++++ Given data ++++
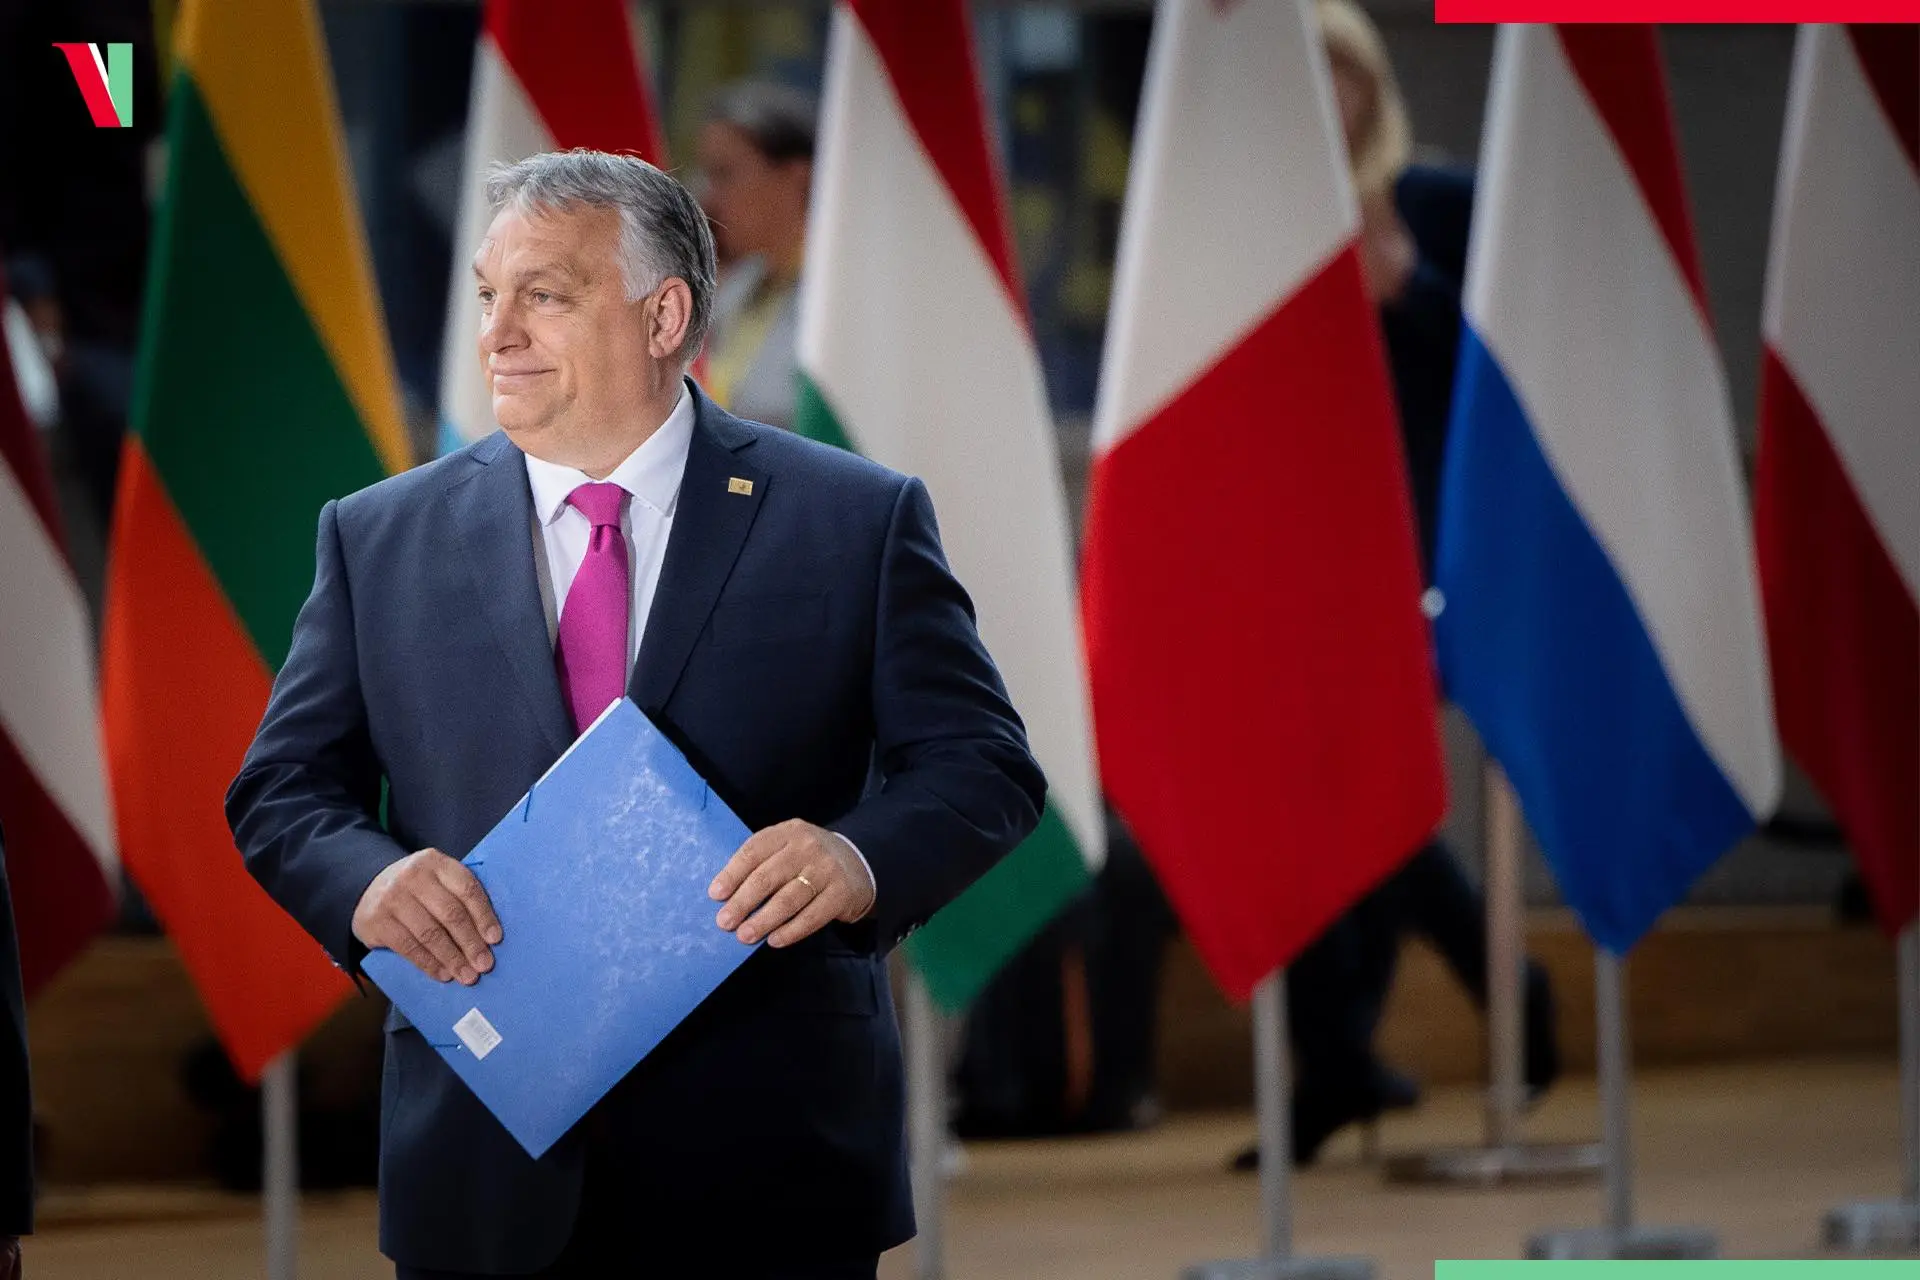 Hungarian PM Viktor Orbán
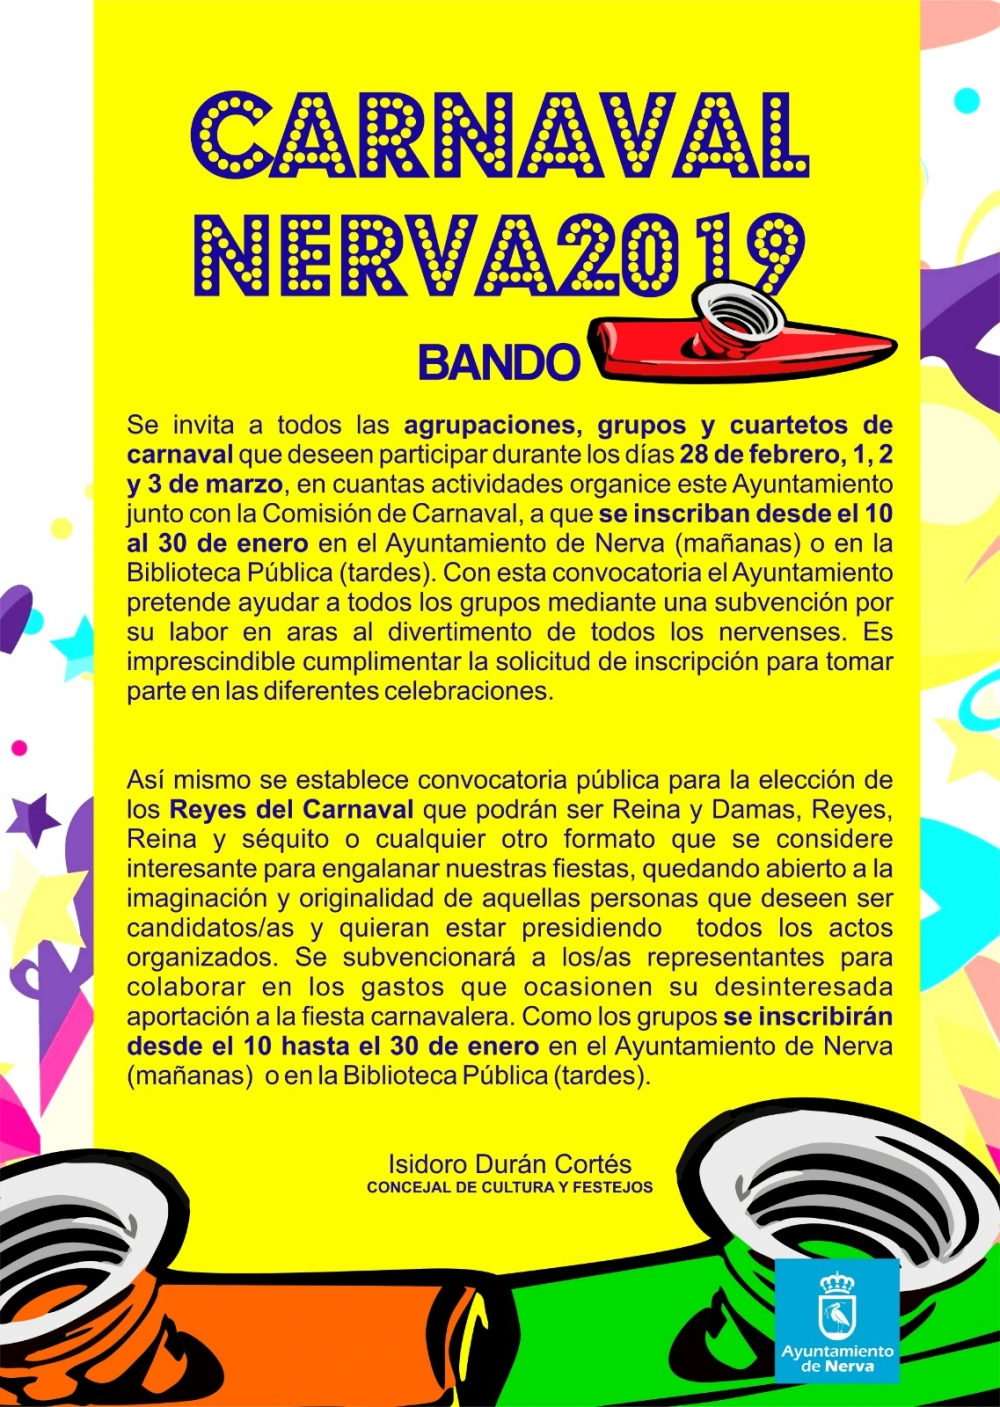 Carnaval Nerva 2019
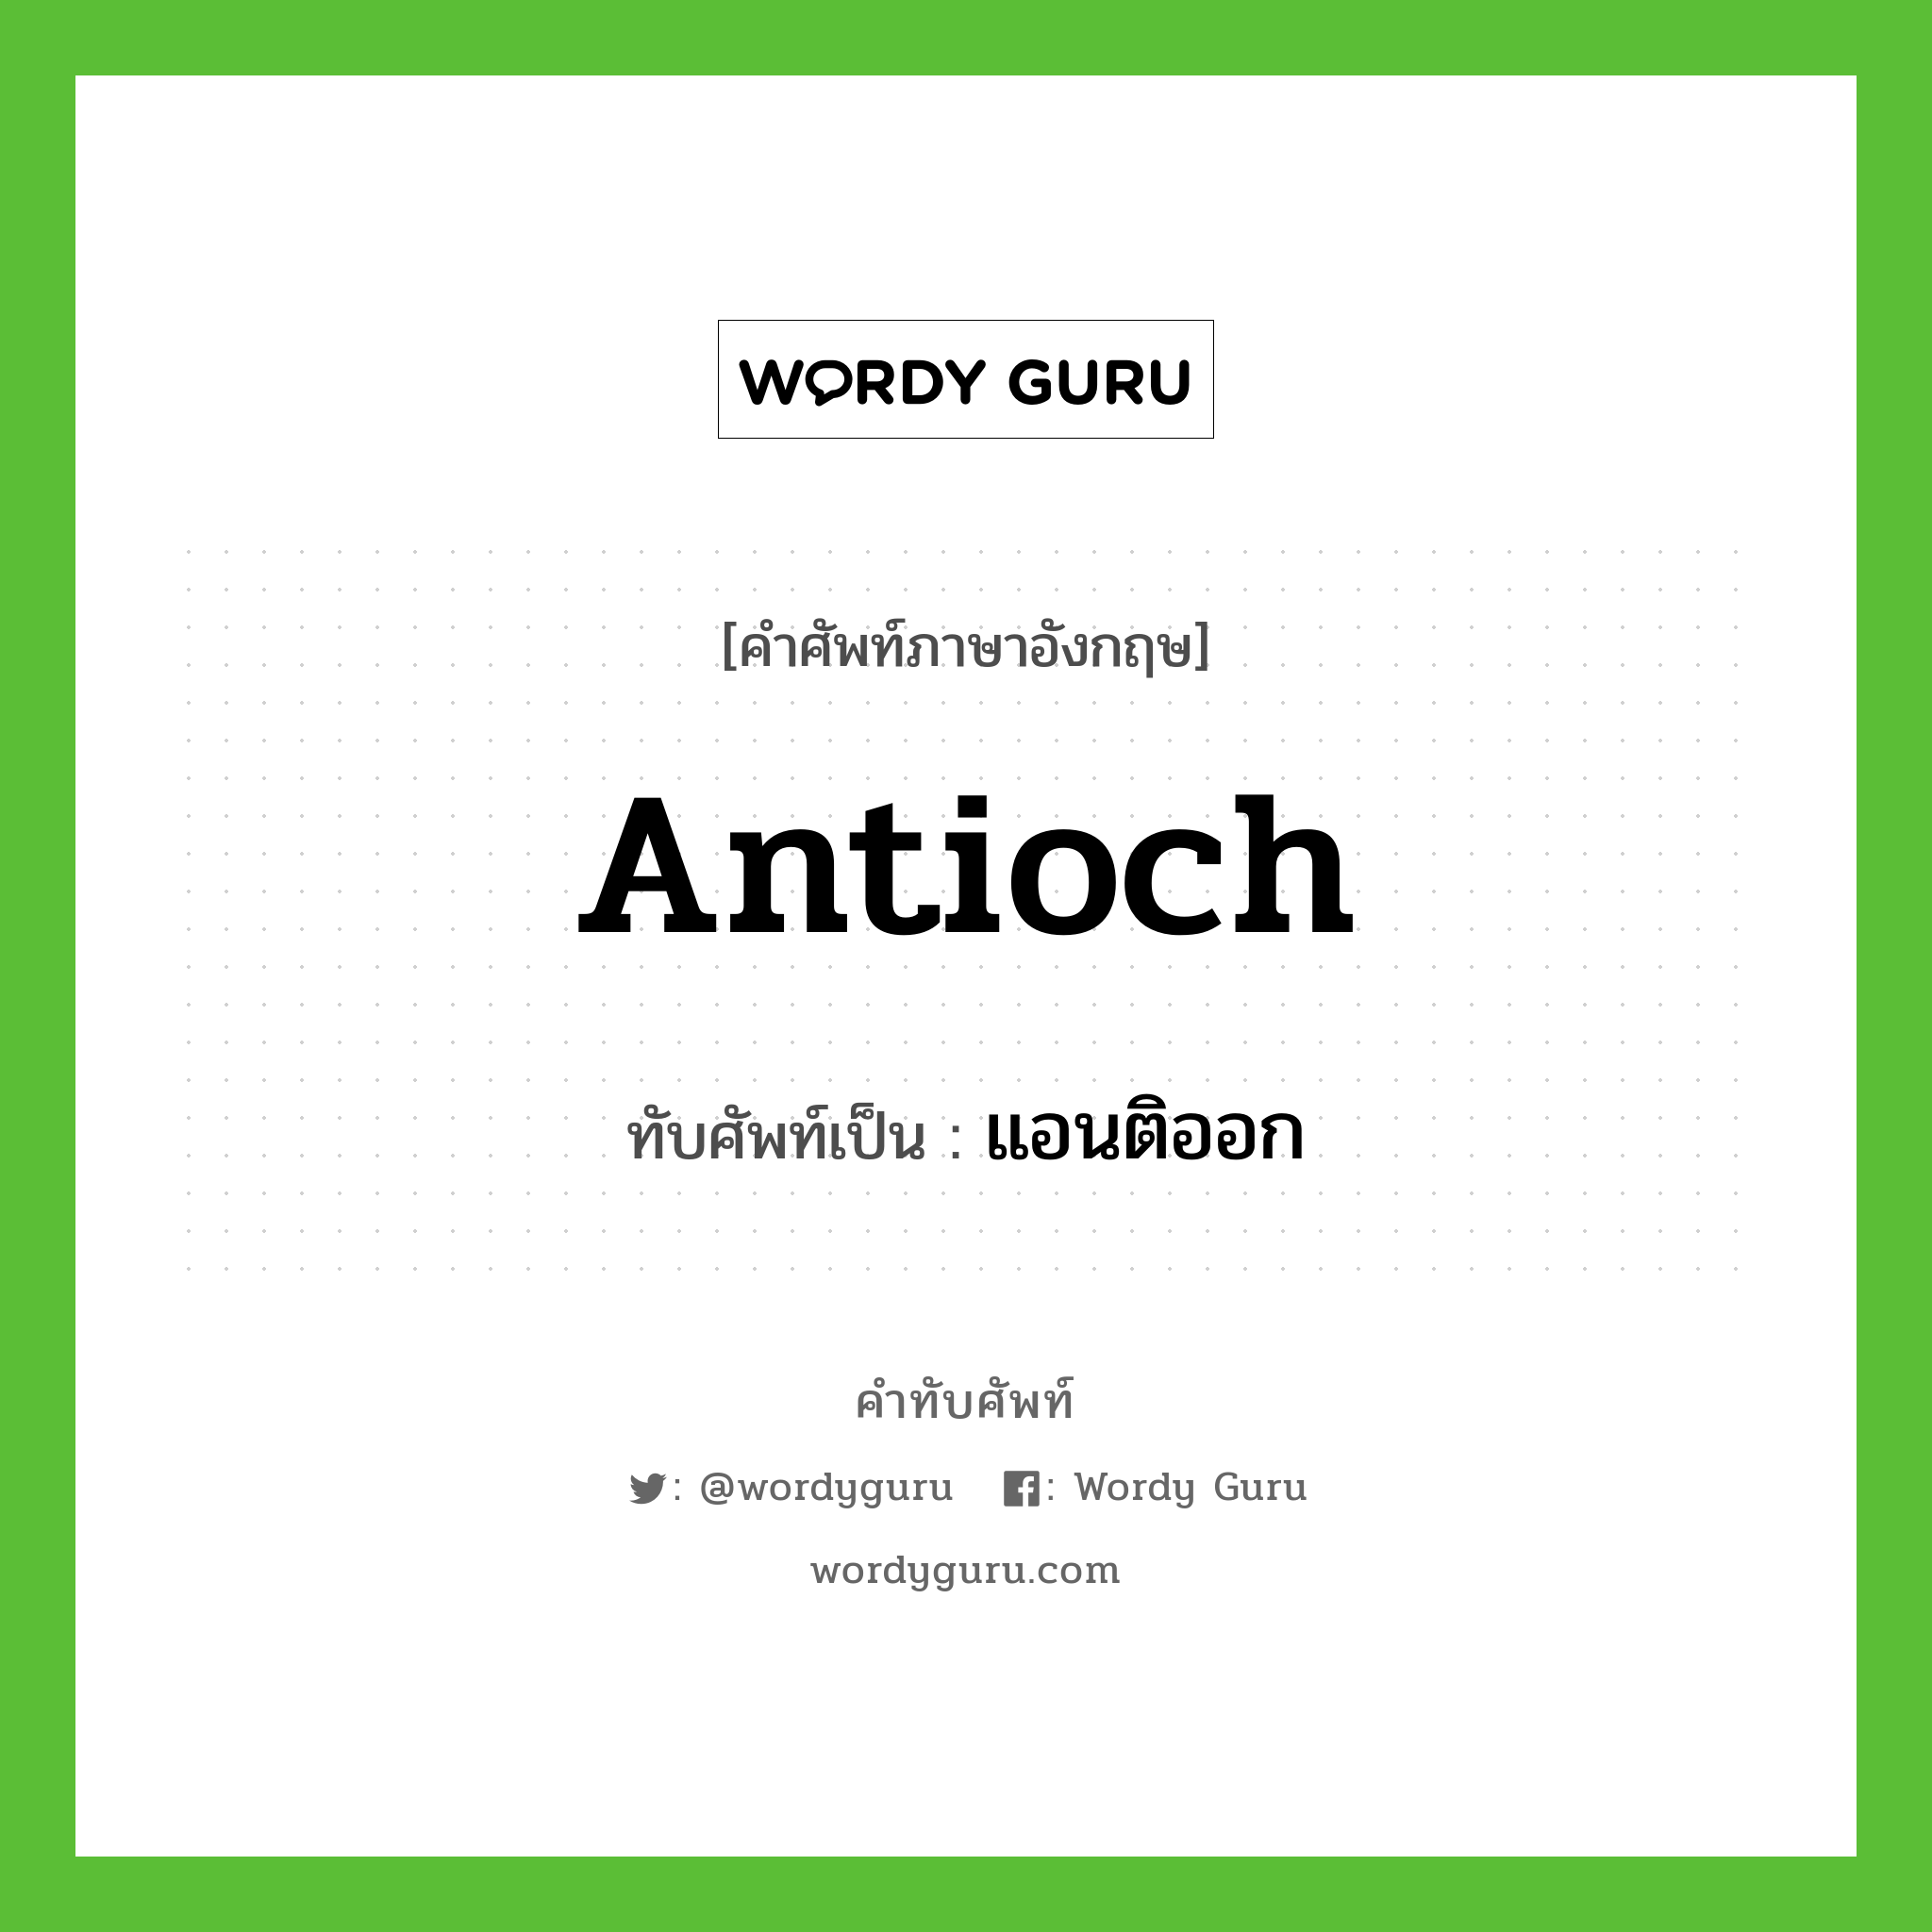 Antioch เขียนเป็นคำไทยว่าอะไร?, คำศัพท์ภาษาอังกฤษ Antioch ทับศัพท์เป็น แอนติออก
++++
_Task statement_
Set down all the lines above exactly as they appear, with no pictures.

_Written response_
 Hungarian PM Viktor Orbán
 Carnaval Nerva 2019
 Antioch เขียนเป็นคำไทยว่าอะไร?, คำศัพท์ภาษาอังกฤษ Antioch ทับศัพท์เป็น แอนติออก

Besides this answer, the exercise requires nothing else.